Monday, 12 July 2010

LAP - Toolchain, Part 3 - The Switch

The next stage in the procedure is to use the programs and libraries that we just installed to rebuild themselves to 100% guarantee that nothing from the host system has contaminated the installation.  We need to tell the software we have just installed to use itself now, and not anything on the host machine.  To achieve this we run the following commands:
SPECS=`dirname $($LFS_TGT-gcc -print-libgcc-file-name)`/specs
$LFS_TGT-gcc -dumpspecs | sed -e 's@/lib\(64\)\?/ld@/tools&@g' -e "/^\*cpp:$/{n;s,$, -isystem /tools/include,}" > $SPECS 
echo "New specs file is: $SPECS"
unset SPECS

I have literally no idea what a SPECS is, but I suspect it has nothing to do with lenses.  You can see in there some mention of 'tools' which is I guess what we are trying to achieve.  The 'echo' command produces this result:

New specs file is: /media/lfs/tools/bin/../lib/gcc/i686-lfs-linux-gnu/4.4.3/specs

Which sounds promising.  As suggested by the book I visually inspected that file.  It made my head hurt, and I could briefly only see in the colour magenta.  So I stopped looking at it.
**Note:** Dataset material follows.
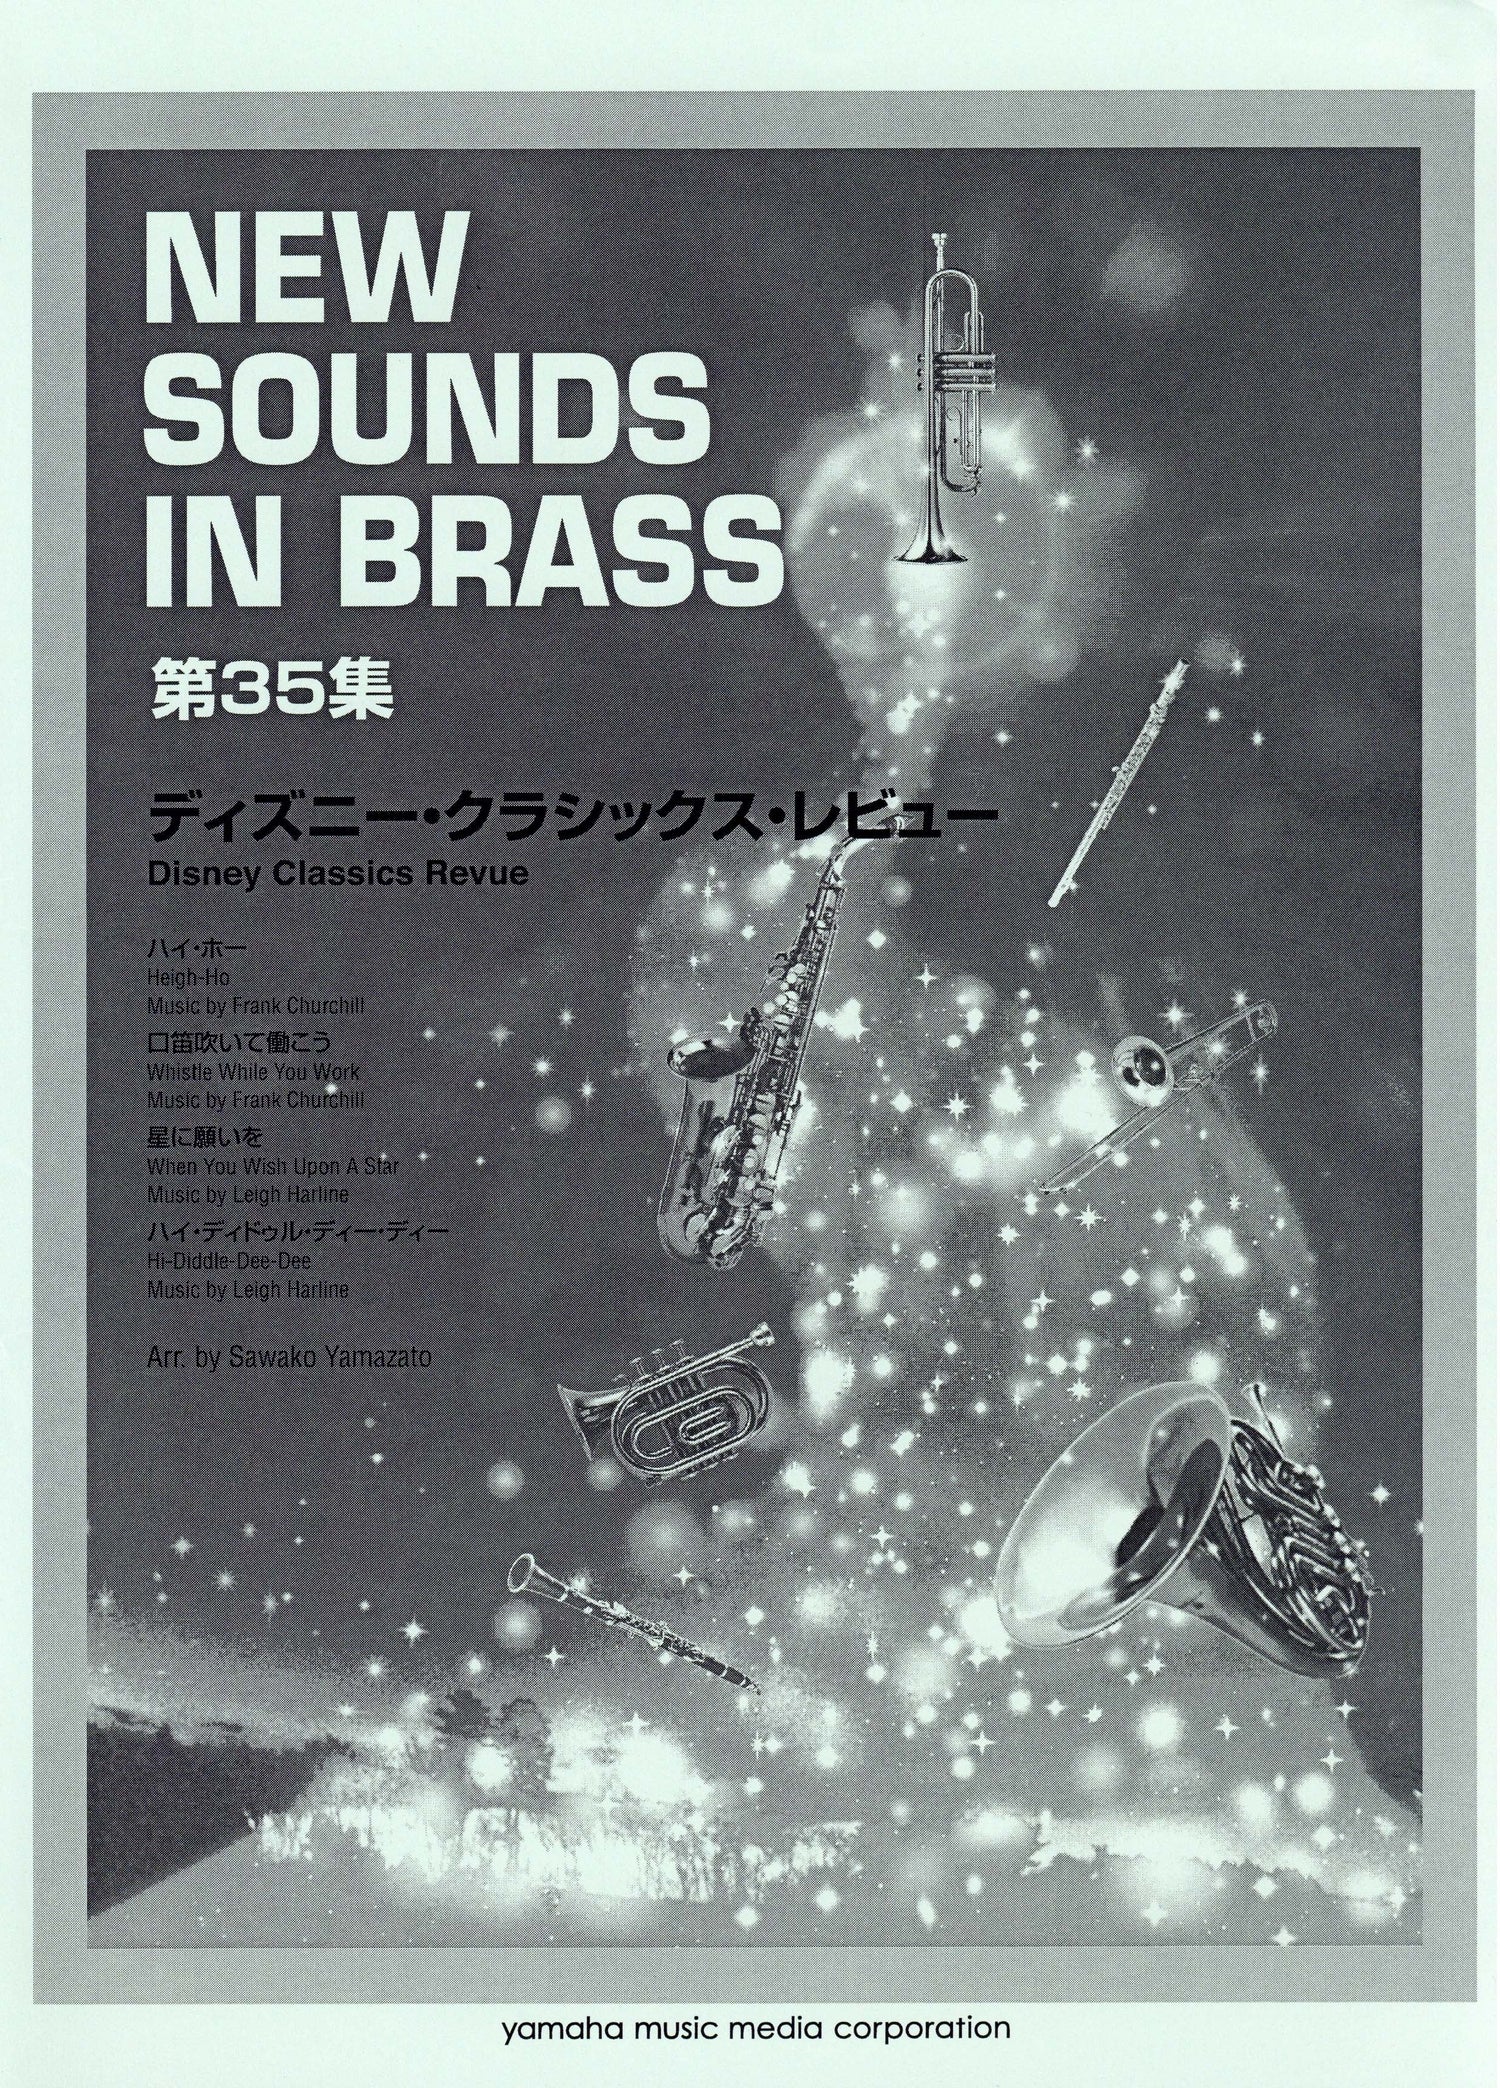 New Sounds in BRASS ディズニー・クラシックス・レビュー 復刻版

It is strongly recommended that we try some tests before proceeding.  Well, OK if you insist.

echo 'main(){}' > dummy.c

This command just [echo]s the text in single quotes to the file dummy.c.  The .c extension indicates that the file contains 'C' source code.  Next we compile that code:

$LFS_TGT-gcc -B/tools/lib dummy.c

We know that the $LFS_TGT part of that resolves into i686-lfs-linux-gnu, and if you look in the /tools/bin directory you will find a file called i686-lfs-linux-gnu-gcc, so this command just executes that program.  The [-B] bit adds the following directory to the search path, which means that the gcc gets to use the Glibc libraries we installed.  I think.  So this command means compile the dummy.c program using the Glibc libraries.  The command produces a file called a.out.  We then search that command for references to the /tools directory to make sure it was used:

readelf -l a.out | grep ': /tools'

We should be told that:

[Requesting program interpreter: /tools/lib/ld-linux.so.2]

Which is exactly what we want to see.  Lets get rid of the test files:

rm -v dummy.c a.out

And we now move on to rebuild the tools we just made, this time by using themselves.  It's a bit like the snake eating its tail, but in reverse.